Where the line containing "Isko Slim Fit" appears, start repeating, and continue exactly through the last line below, adding nothing. Include no pictures.

_Data shown_
──────

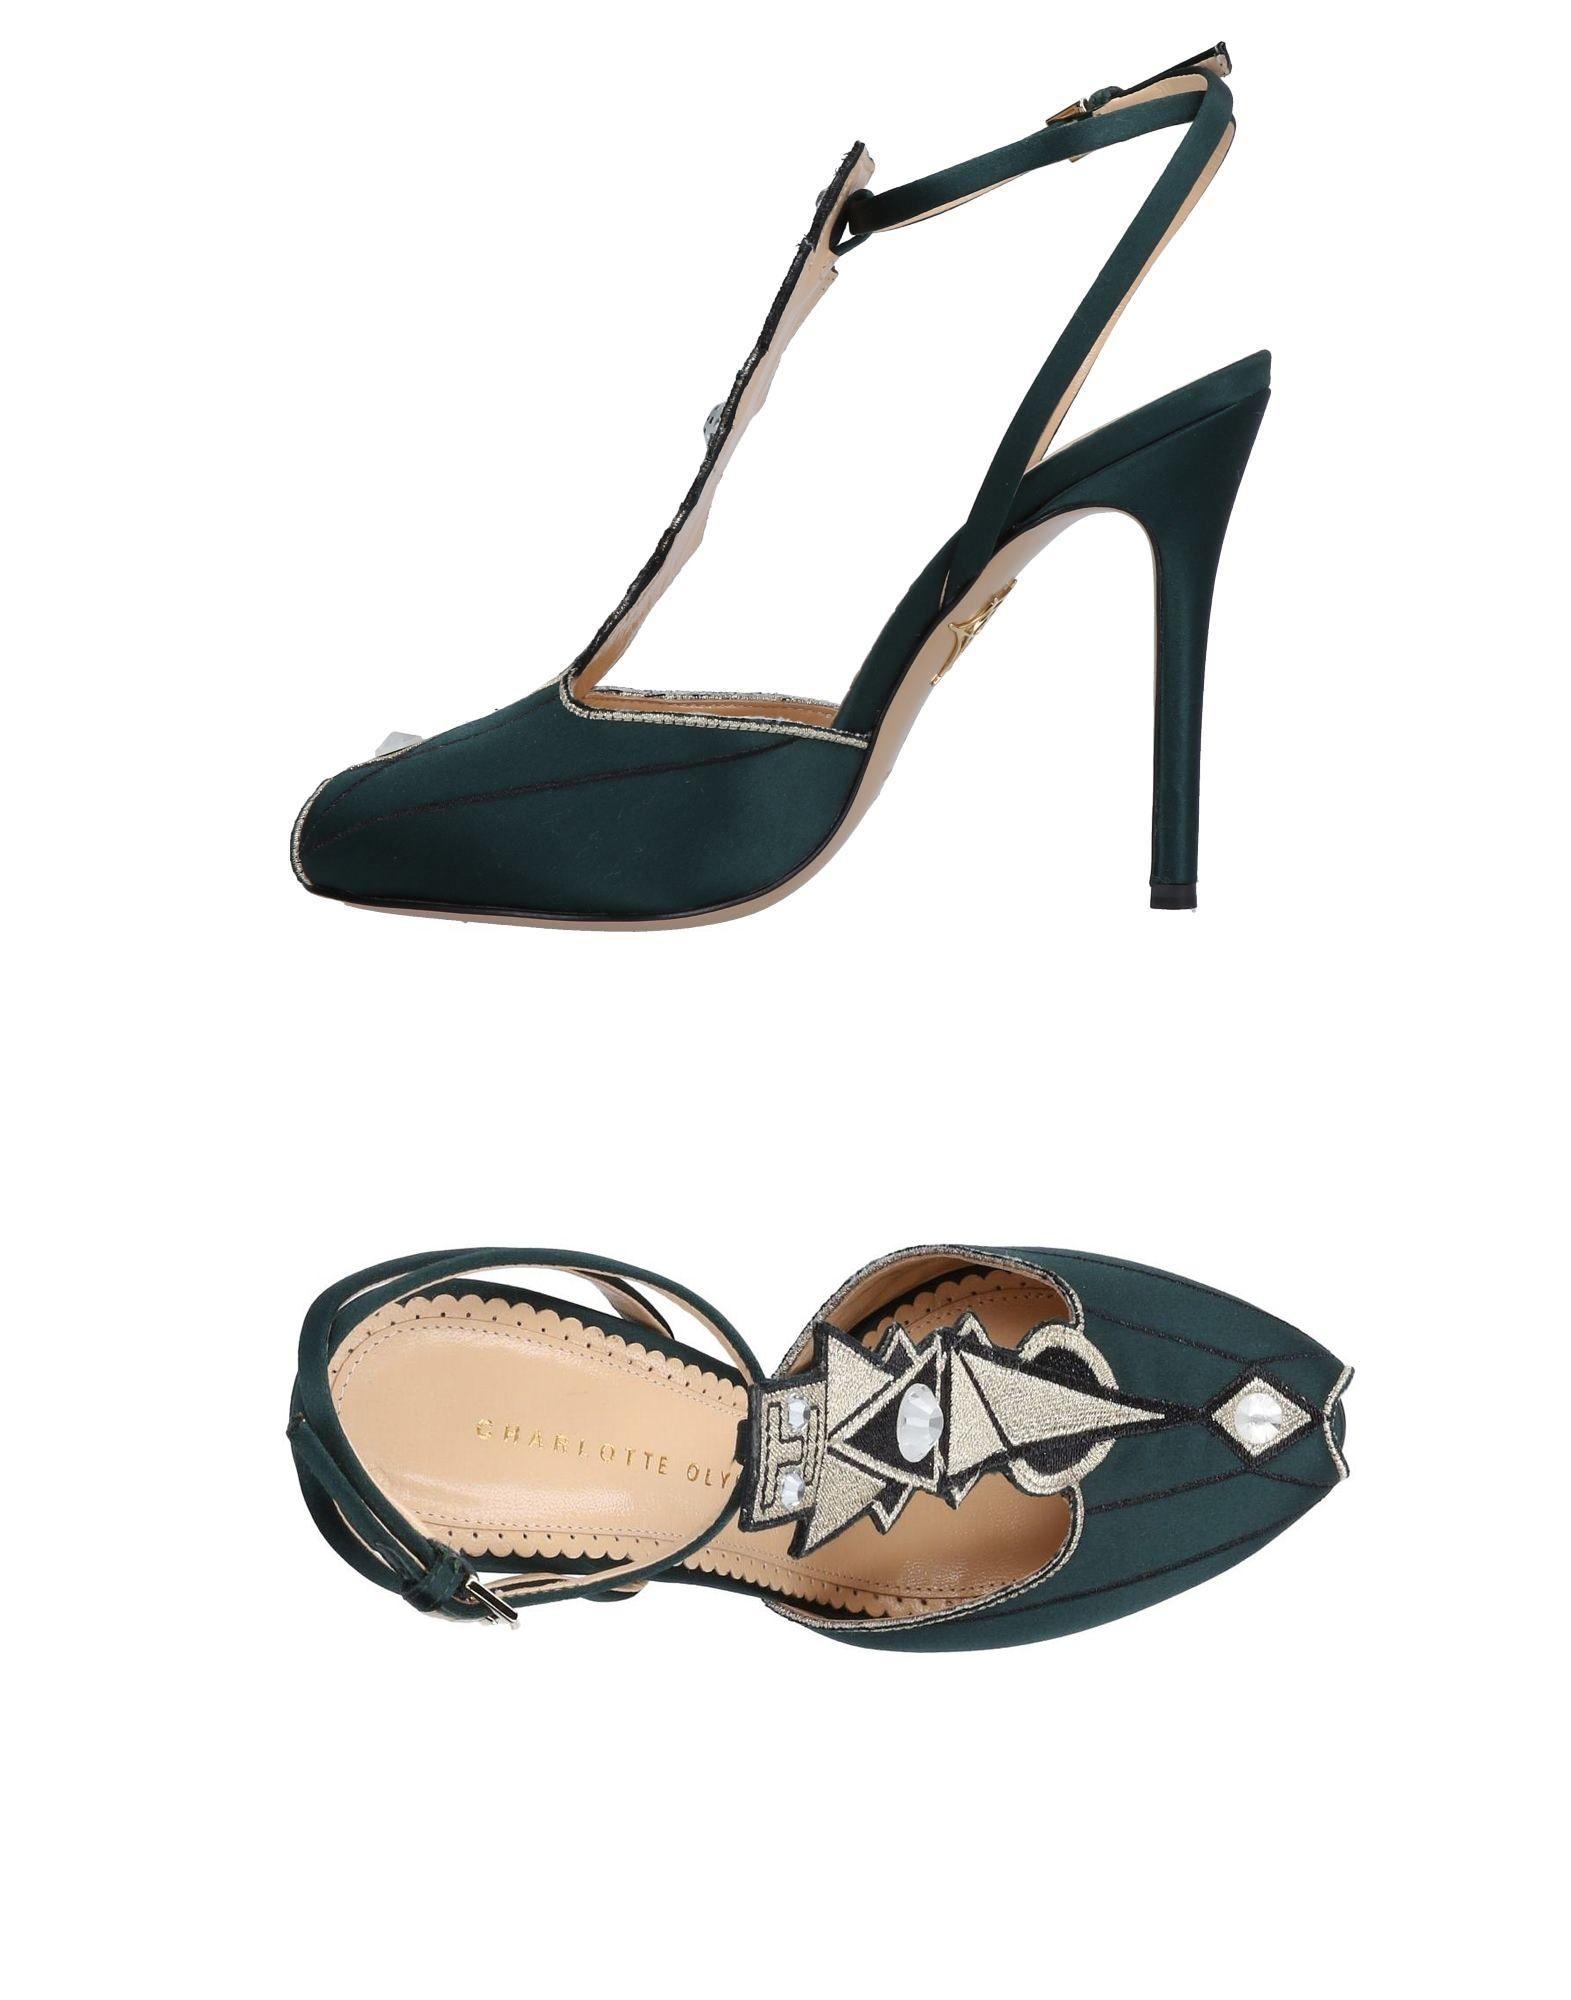 Charlotte Olympia Sandalen Damen  11510162KKGut aussehende strapazierfähige Schuhe
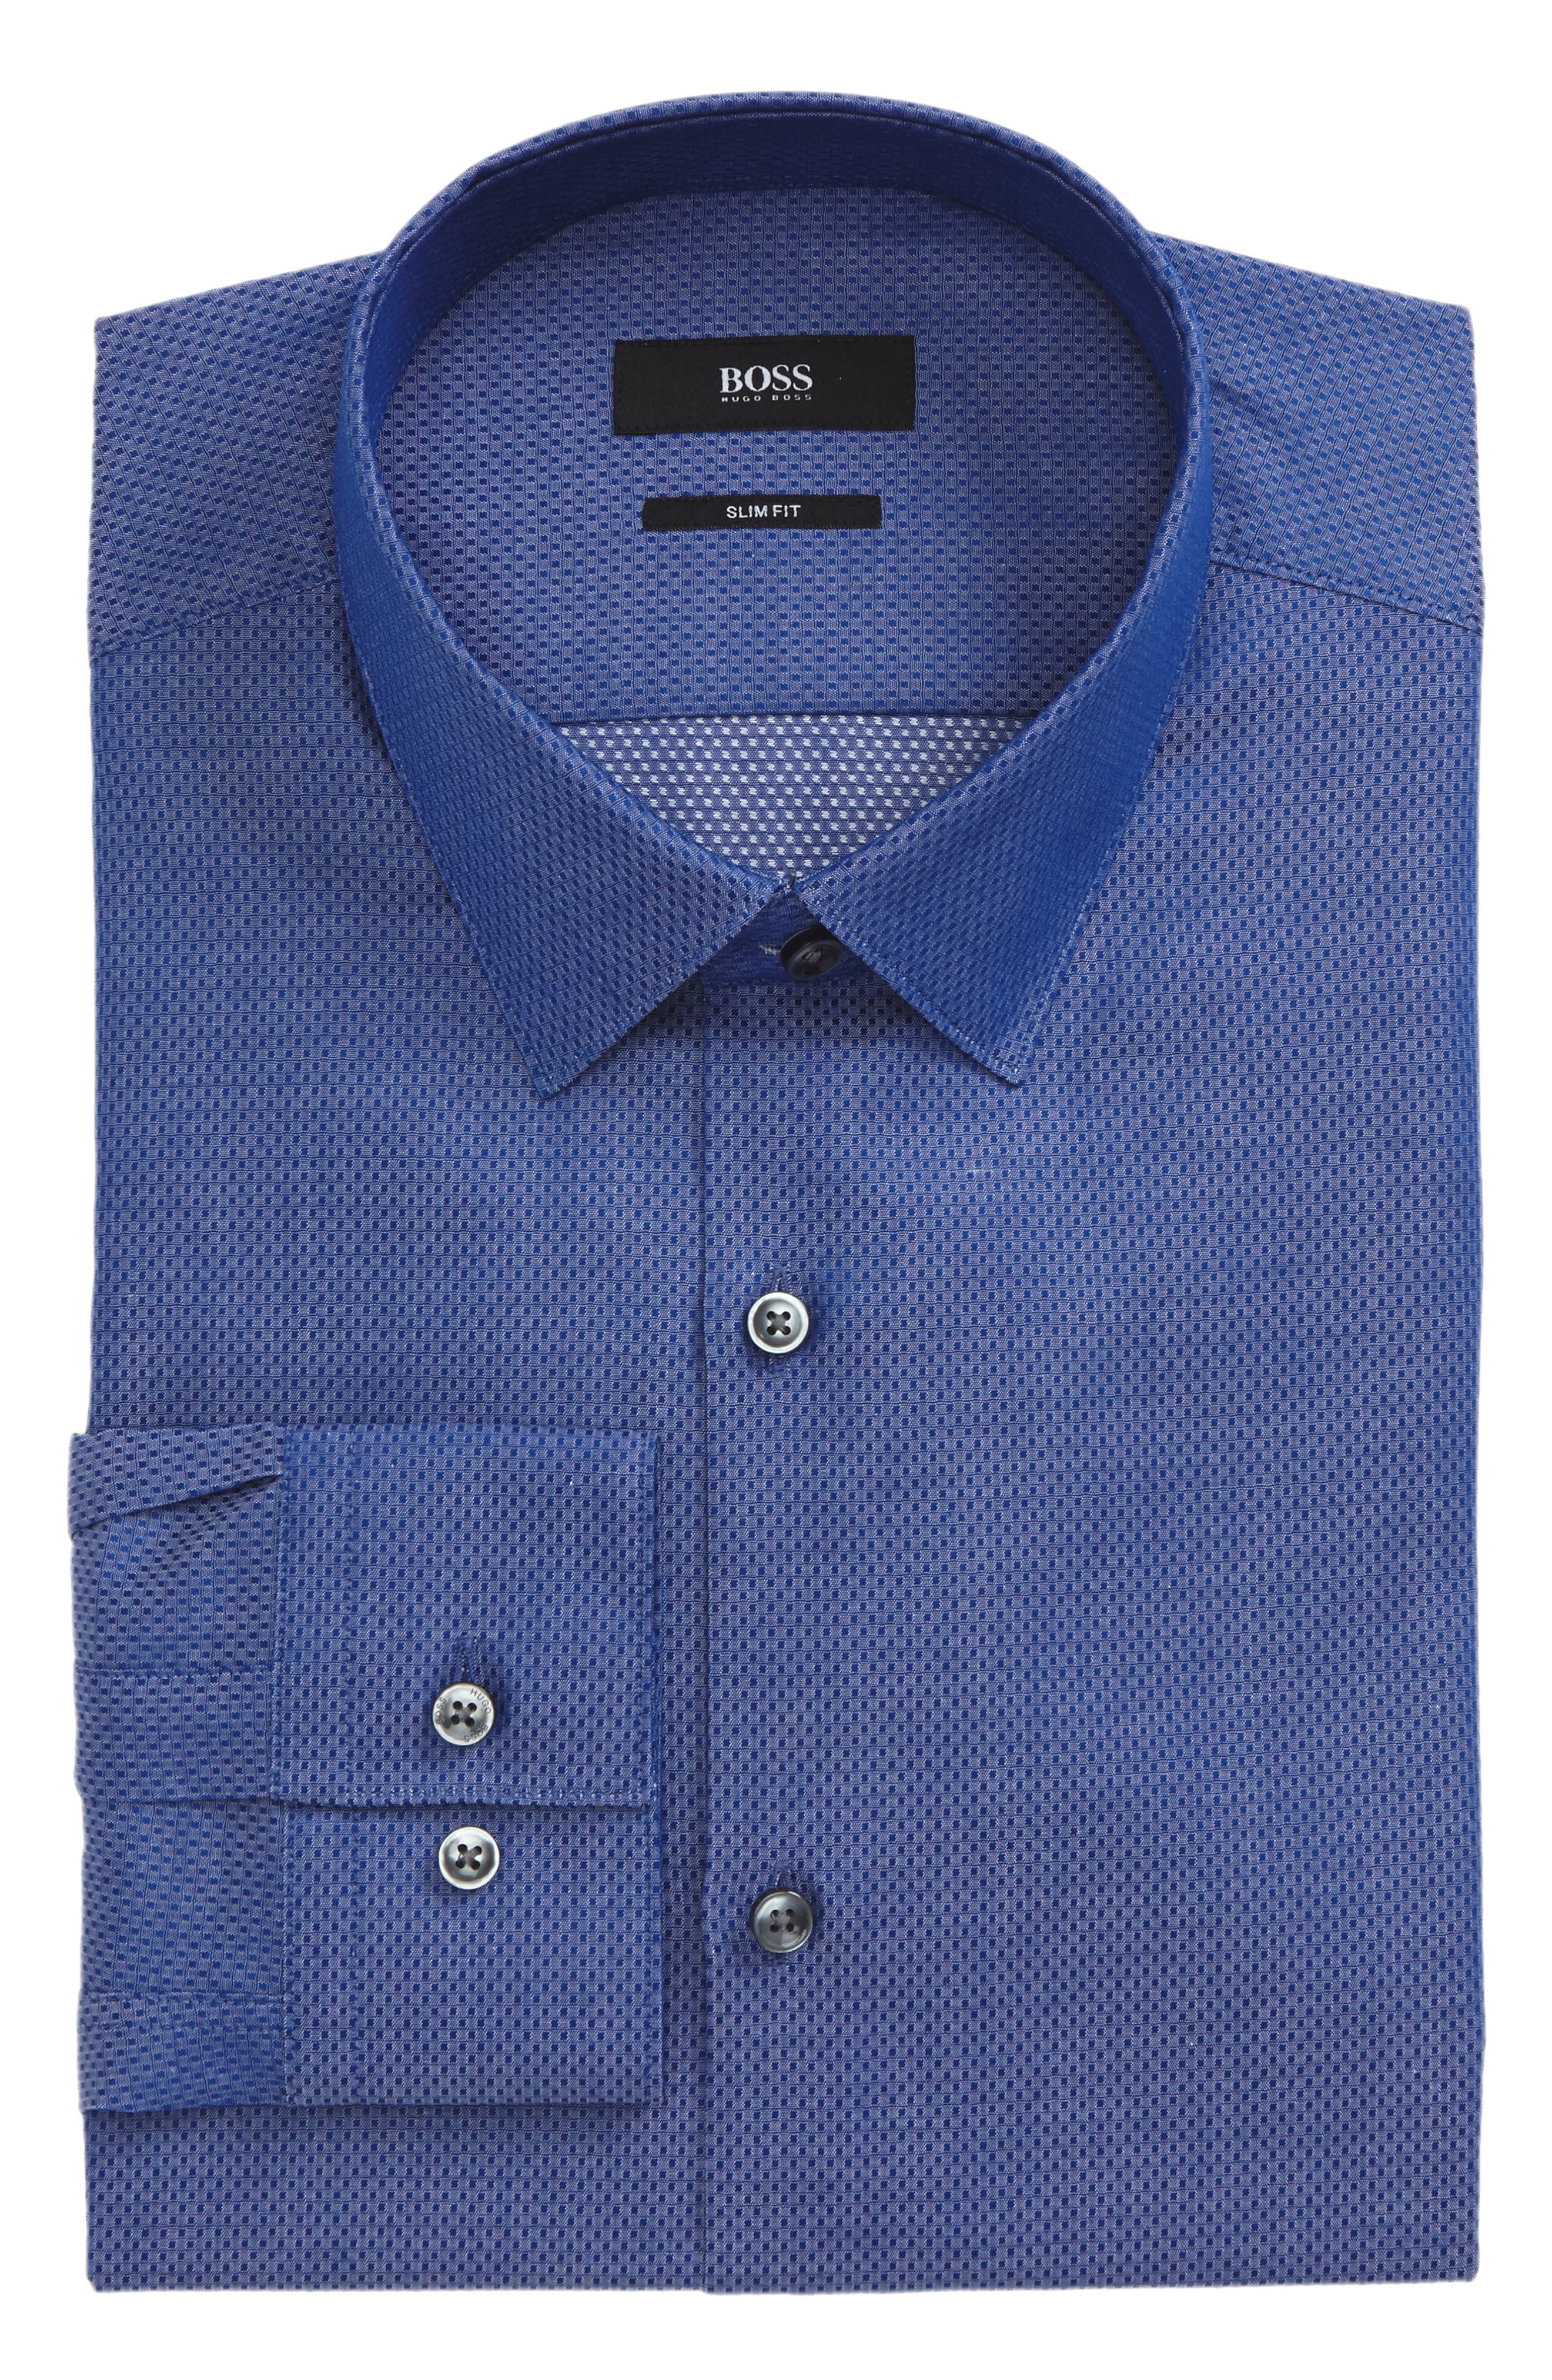 Isko Slim Fit Textured Dress Shirt,                         Main,                         color, 421
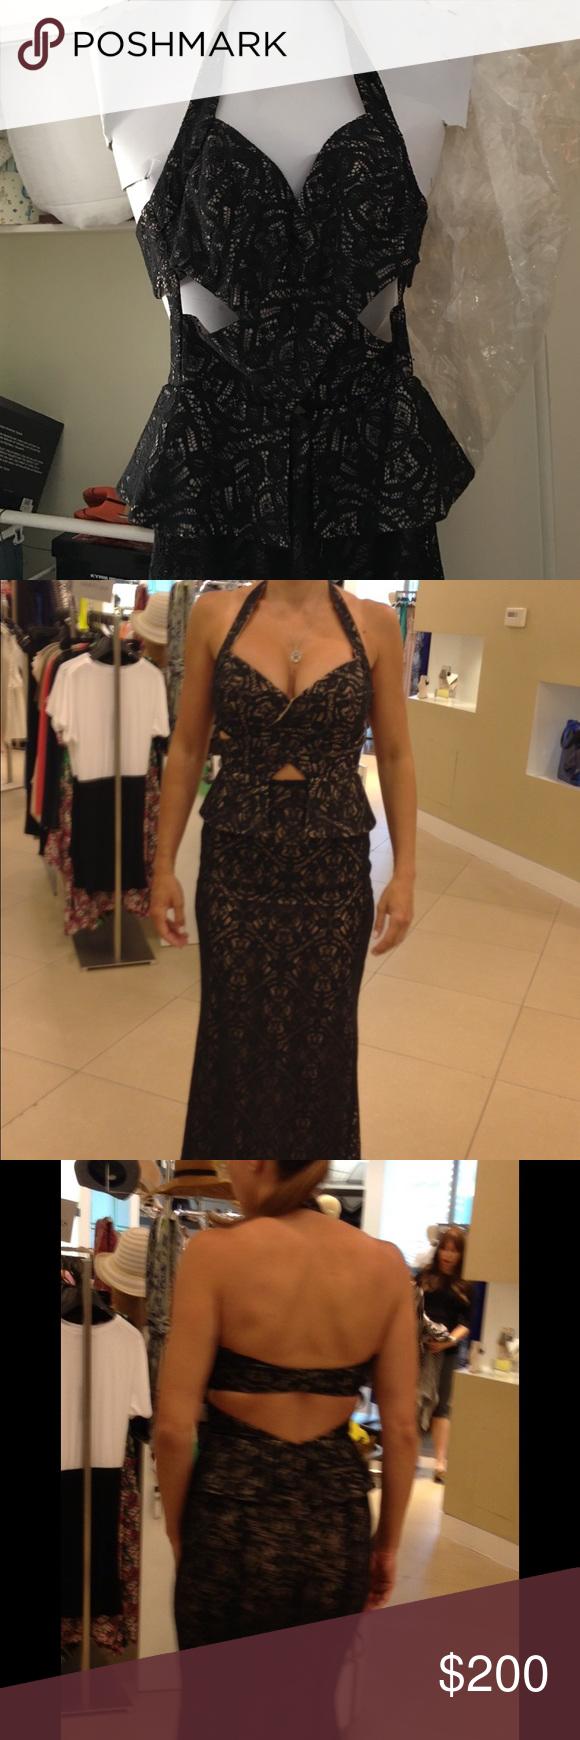 Bcbg black long dress long black lace dress halter neck and cut

──────

_Solution to the exercise_
 Isko Slim Fit Textured Dress Shirt,                         Main,                         color, 421
 Bcbg black long dress long black lace dress halter neck and cut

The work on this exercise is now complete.